Foreign criminals should be deported when they have served their sentences – this is effectively the government’s position, and one that remains popular with voters.


On the face of it, the policy seems entirely reasonable; why should the UK show clemency to people who arrive on these shores and commit crimes against our citizens? And in most cases, it is probably justifiable.

Dig beneath the surface, however, and you will quickly discover a number of examples that are not so straightforward.

In recent months a couple of cases have caught the attention of City workers and other Londoners. In south London a man called Hilary Ineomo-Marcus is facing deportation despite having lived in Britain for the majority of his life. He has a British wife, British children, and a number of other British relatives. Moreover, since being released from jail for tax-related offences he has earned widespread praise for helping other prisoners reform their lives.

Another case concerns Kweku Adoboli, the former rogue trader who cost UBS £1.8bn.


Adoboli was born in Ghana but spent many of his early years in the Middle East, before moving to the UK as a child in 1991. Once a City high-flyer, his financial career ended in scandal; he was convicted in 2012 and served time until 2015. Since then his lawyers say he has been trying to raise awareness of his experience, warning other young financial workers from making similar mistakes.
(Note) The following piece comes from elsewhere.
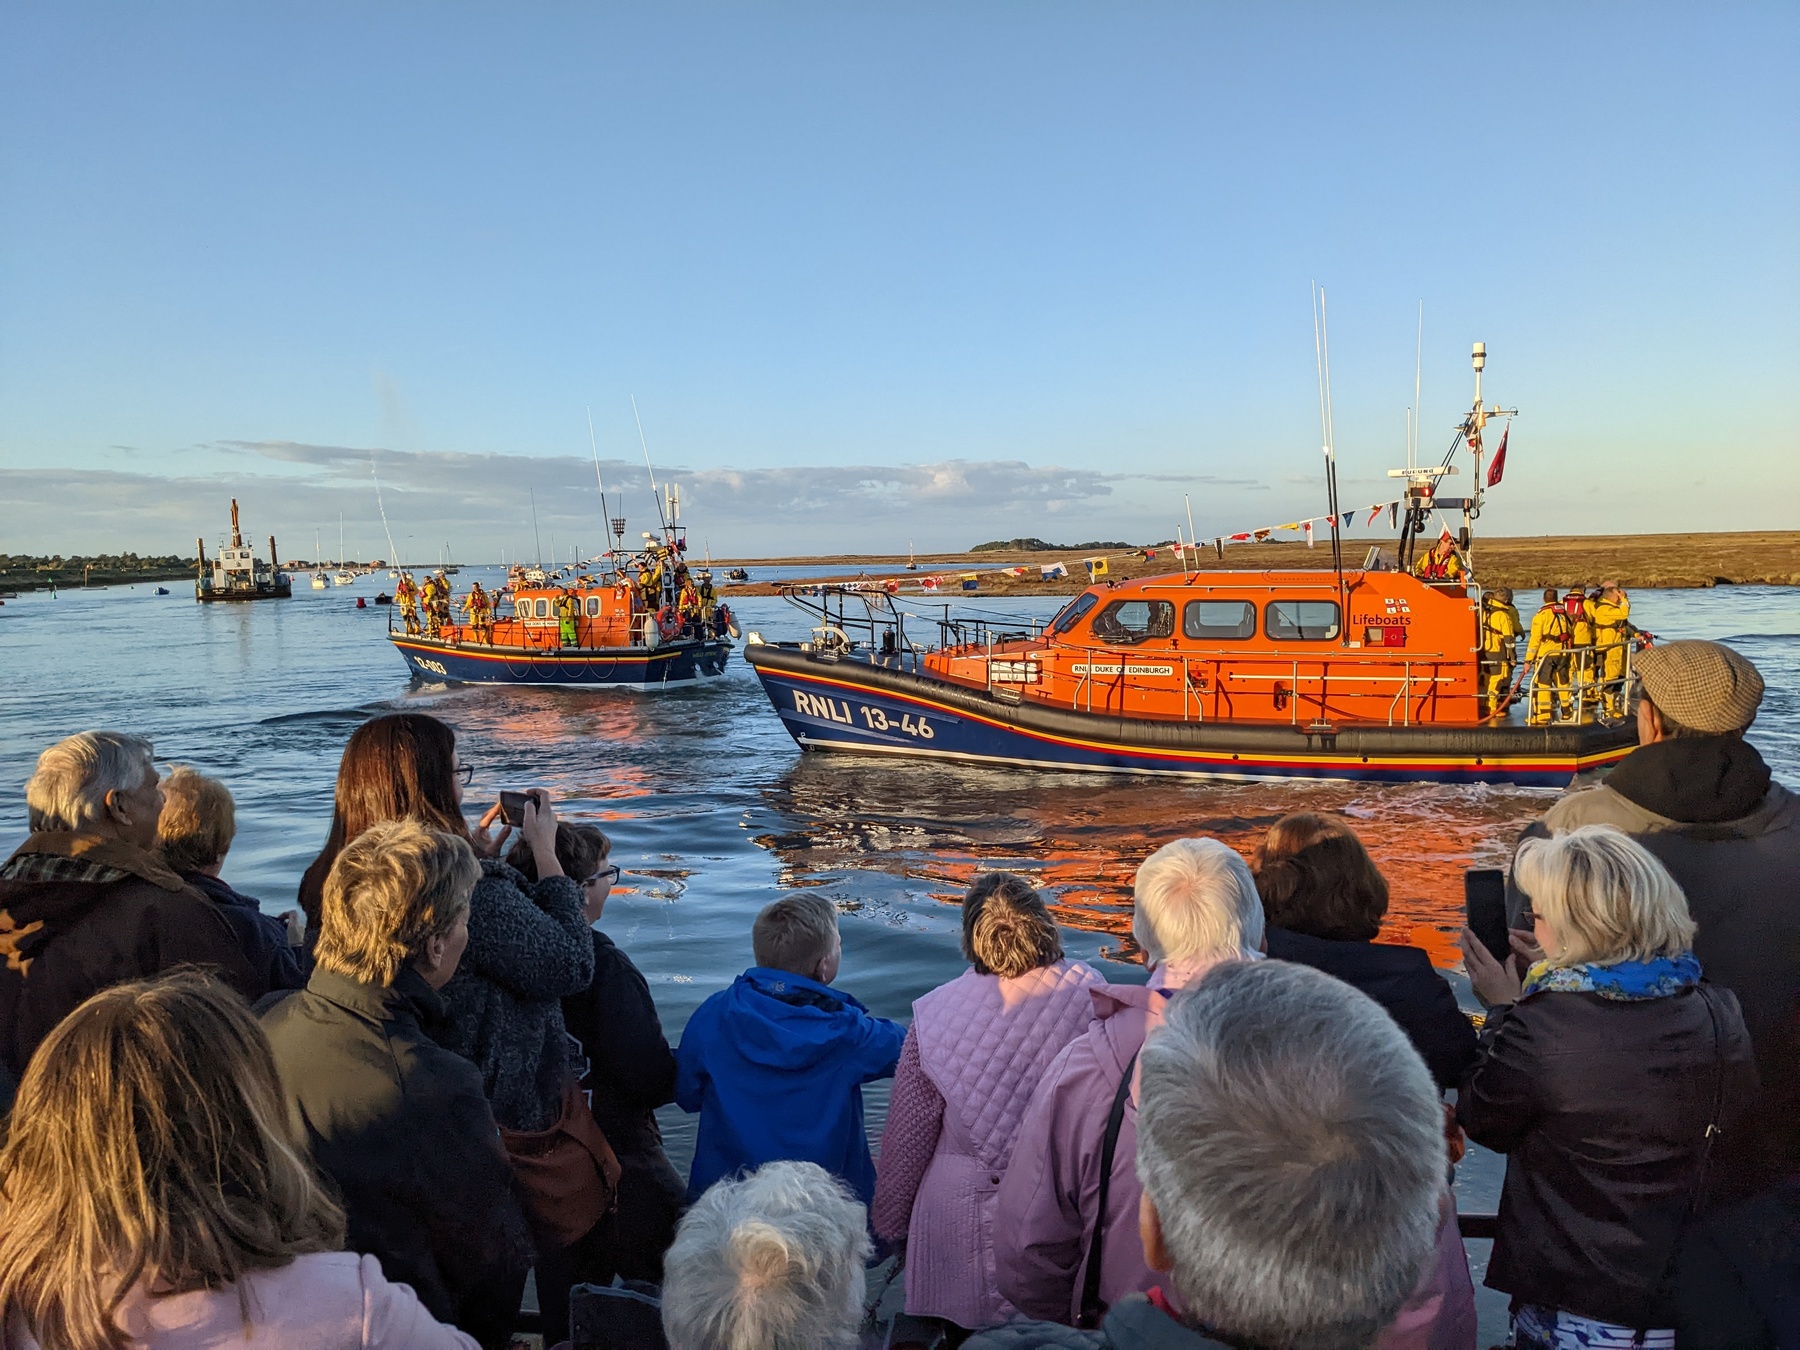 The new lifeboat welcomed by large crowd of townfolk, supporters and well-wishers on the quayside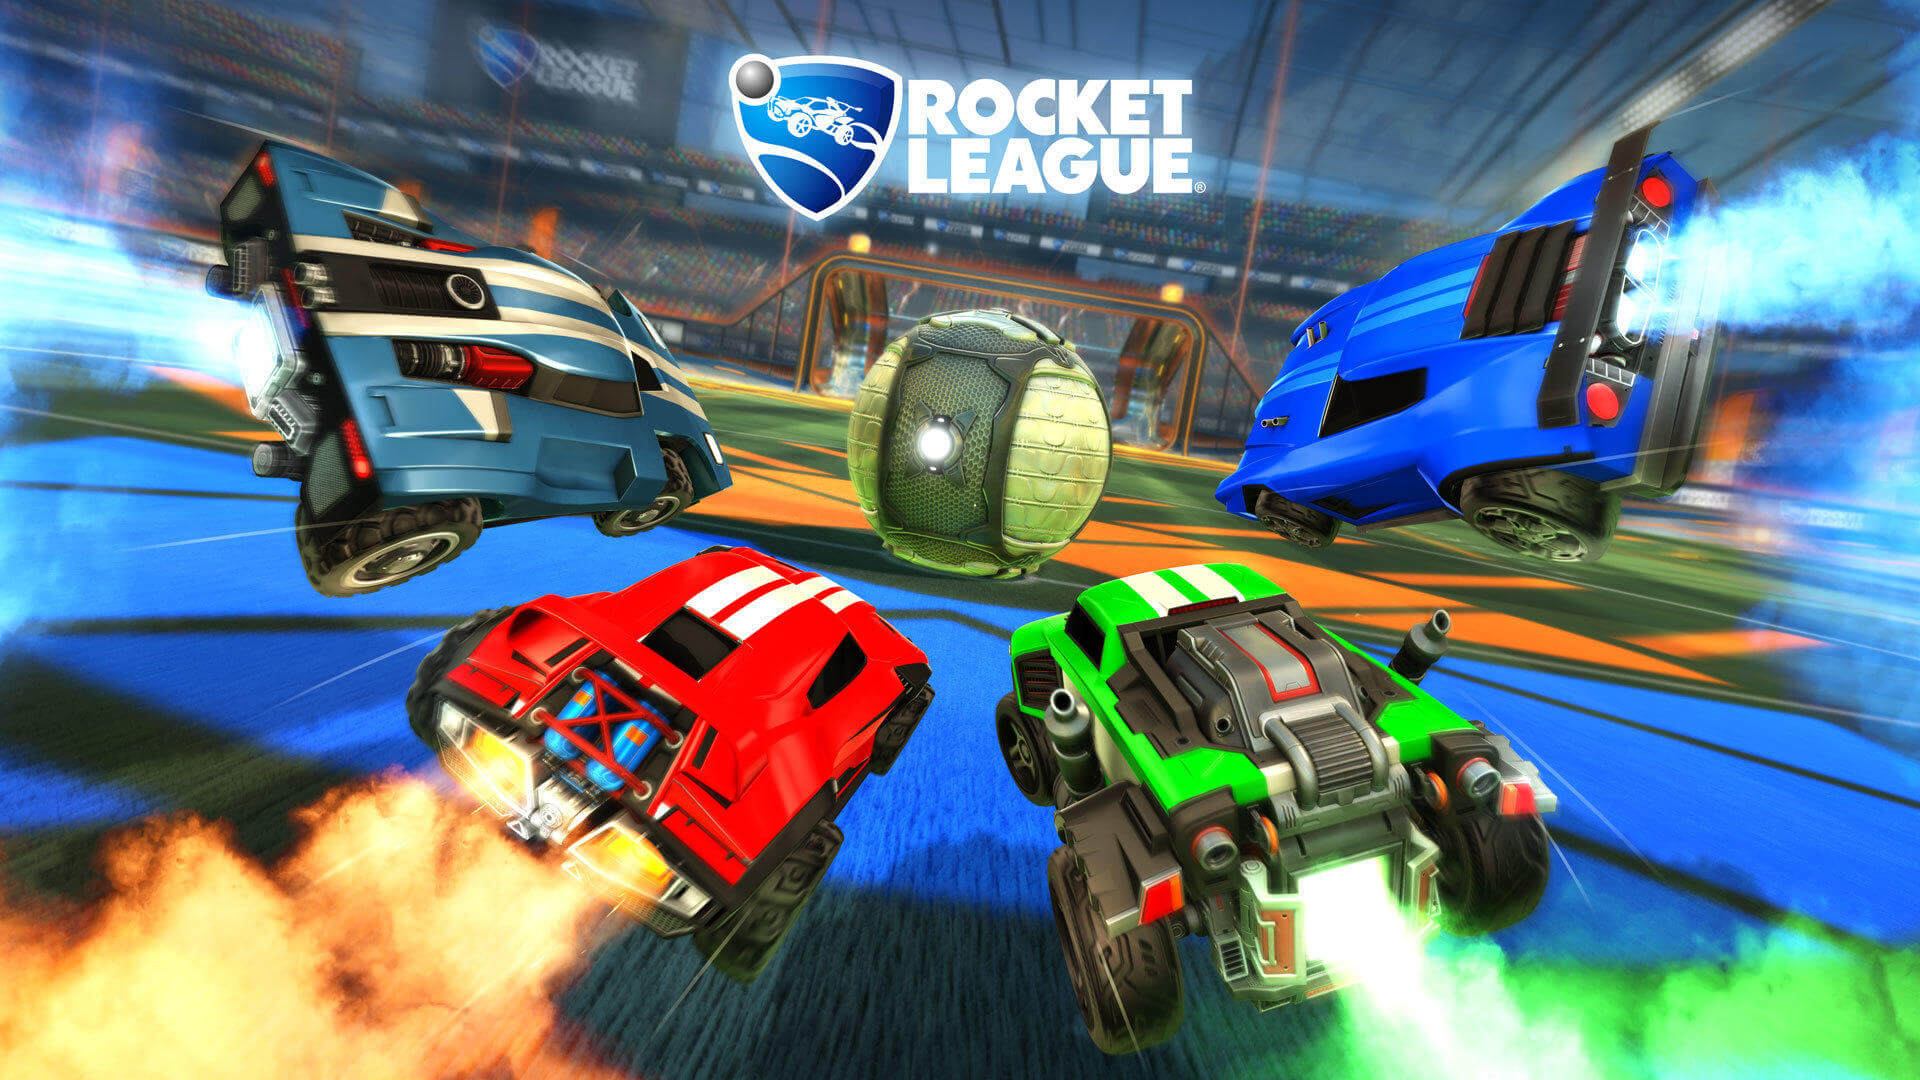 Find Out How to Get Free Credits in Rocket League

Tonight, he is being held at a removal centre near Heathrow and could be deported to Ghana this week.

No special privileges should be granted to bankers, or former bankers, such as Adoboli. The UK proudly operates a rule of law under which everyone should be treated equally. However, both of the cases above bring current laws, and the approach of the Home Office, into question.

Current policy says all foreign nationals sentenced to 12 months or more must be deported. But where is the value, or the justice, in deporting men who have served their punishments, pose no further perceivable threat to society, and appear to be striving to right their wrongs?

It must be possible to develop a system that takes a strong line on dangerous foreign criminals, yet isn’t so blunt as to deport reformed wrongdoers with decades-long links to the UK and the ability to contribute to our economy and society as a whole.

The planned deportation of Adoboli and similar ex-offenders looks not only draconian, but ultimately self-defeating.